WHAT TO PRODUCE: In the entries below, which lines run from the one containing "Vista increíble de" to the one containing "Storie, ricordi e"? Copy exactly those lines, ends included, and no others.

ENTRIES SUPPLIED:
+++++
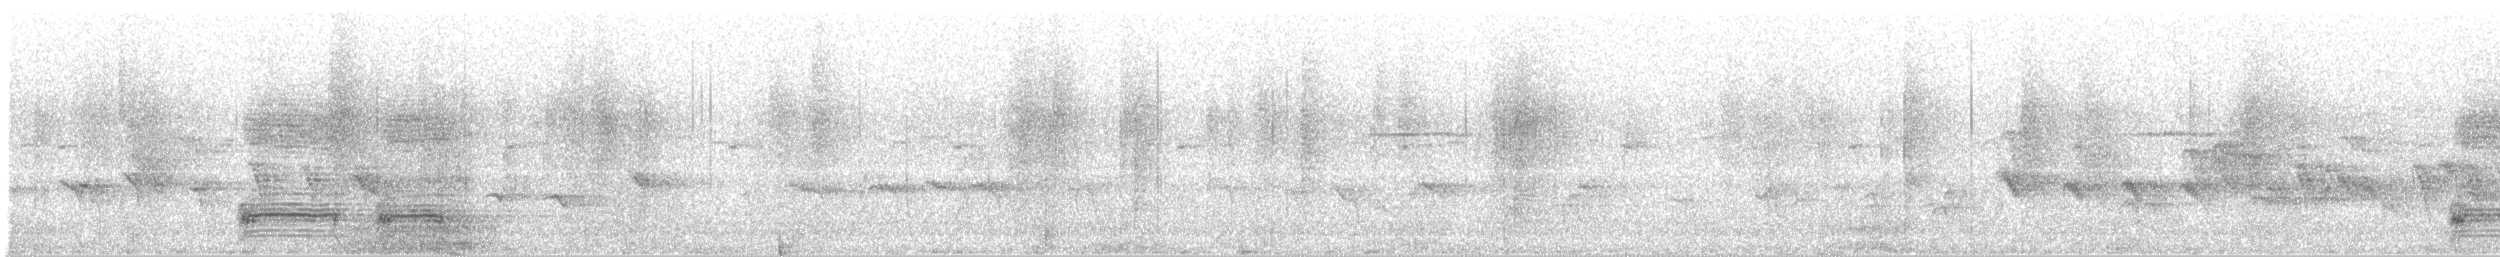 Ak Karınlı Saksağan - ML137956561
+++++
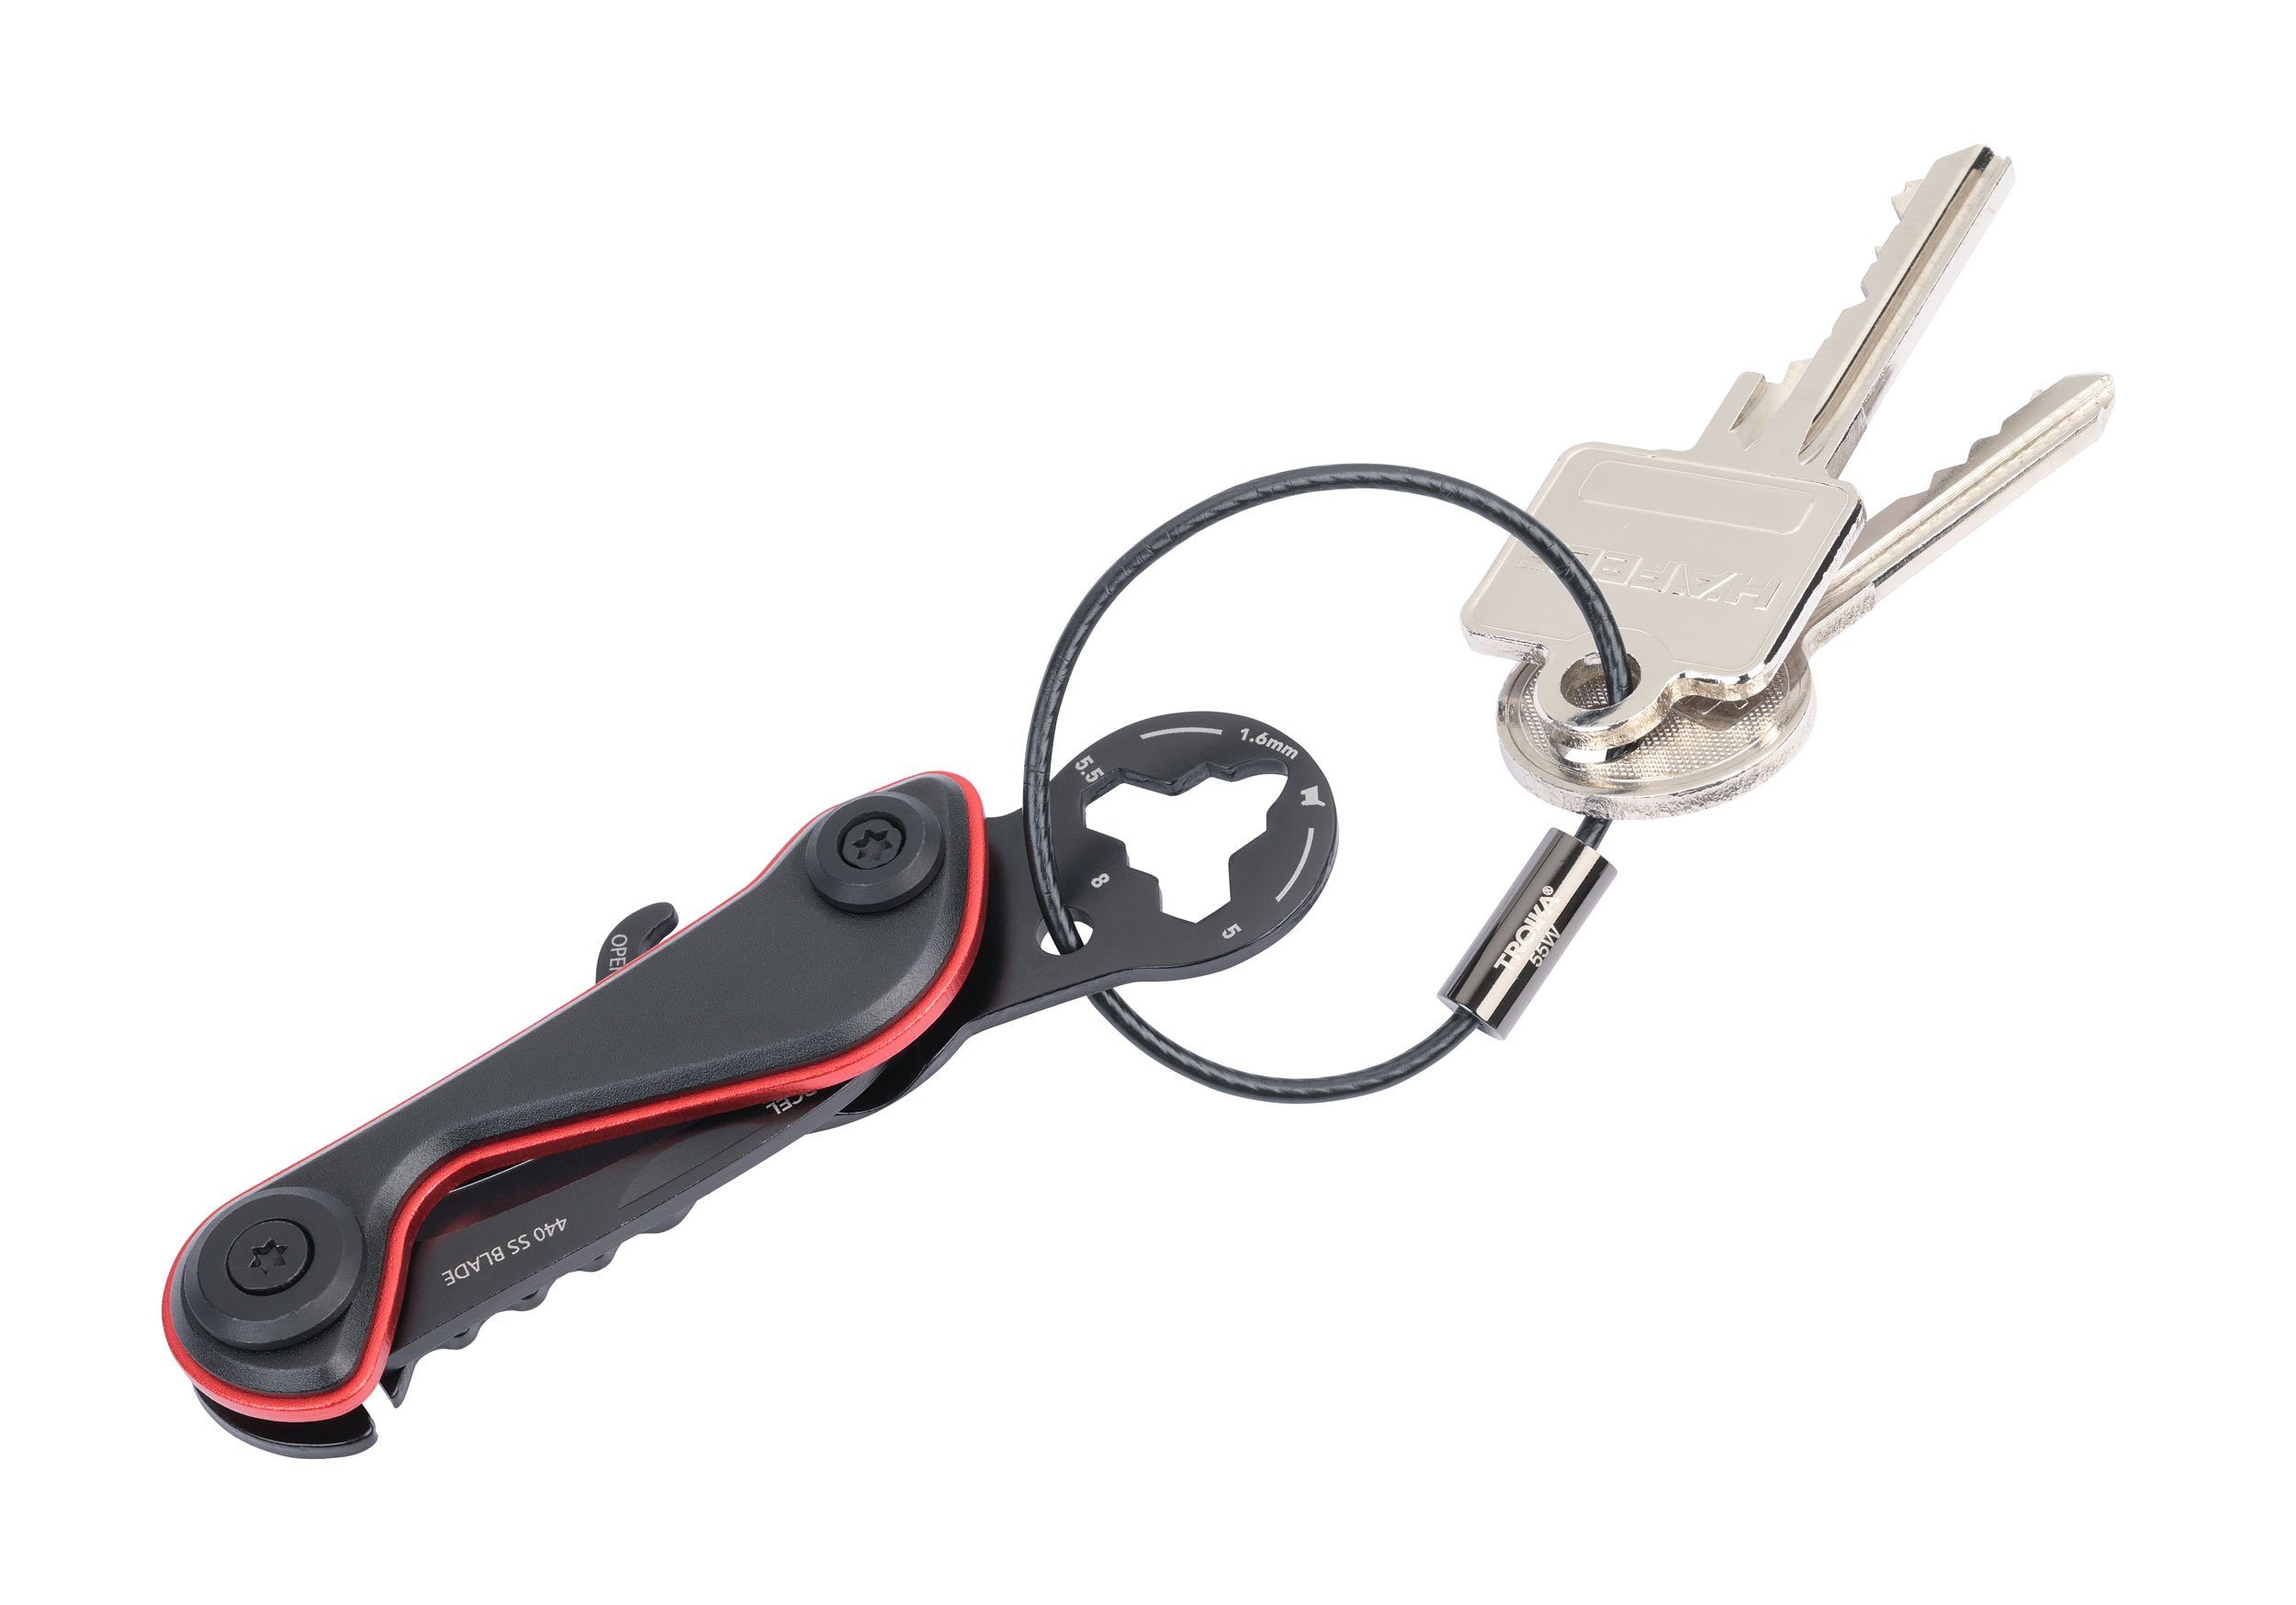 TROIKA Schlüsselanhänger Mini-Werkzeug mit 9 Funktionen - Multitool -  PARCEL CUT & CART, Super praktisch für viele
+++++
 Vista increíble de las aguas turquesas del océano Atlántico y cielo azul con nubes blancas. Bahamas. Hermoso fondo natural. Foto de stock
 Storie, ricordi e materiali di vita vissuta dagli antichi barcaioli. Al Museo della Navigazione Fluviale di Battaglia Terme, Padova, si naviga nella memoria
+++++
SOLUTION TO THIS EXERCISE:
 Vista increíble de las aguas turquesas del océano Atlántico y cielo azul con nubes blancas. Bahamas. Hermoso fondo natural. Foto de stock
 Storie, ricordi e materiali di vita vissuta dagli antichi barcaioli. Al Museo della Navigazione Fluviale di Battaglia Terme, Padova, si naviga nella memoria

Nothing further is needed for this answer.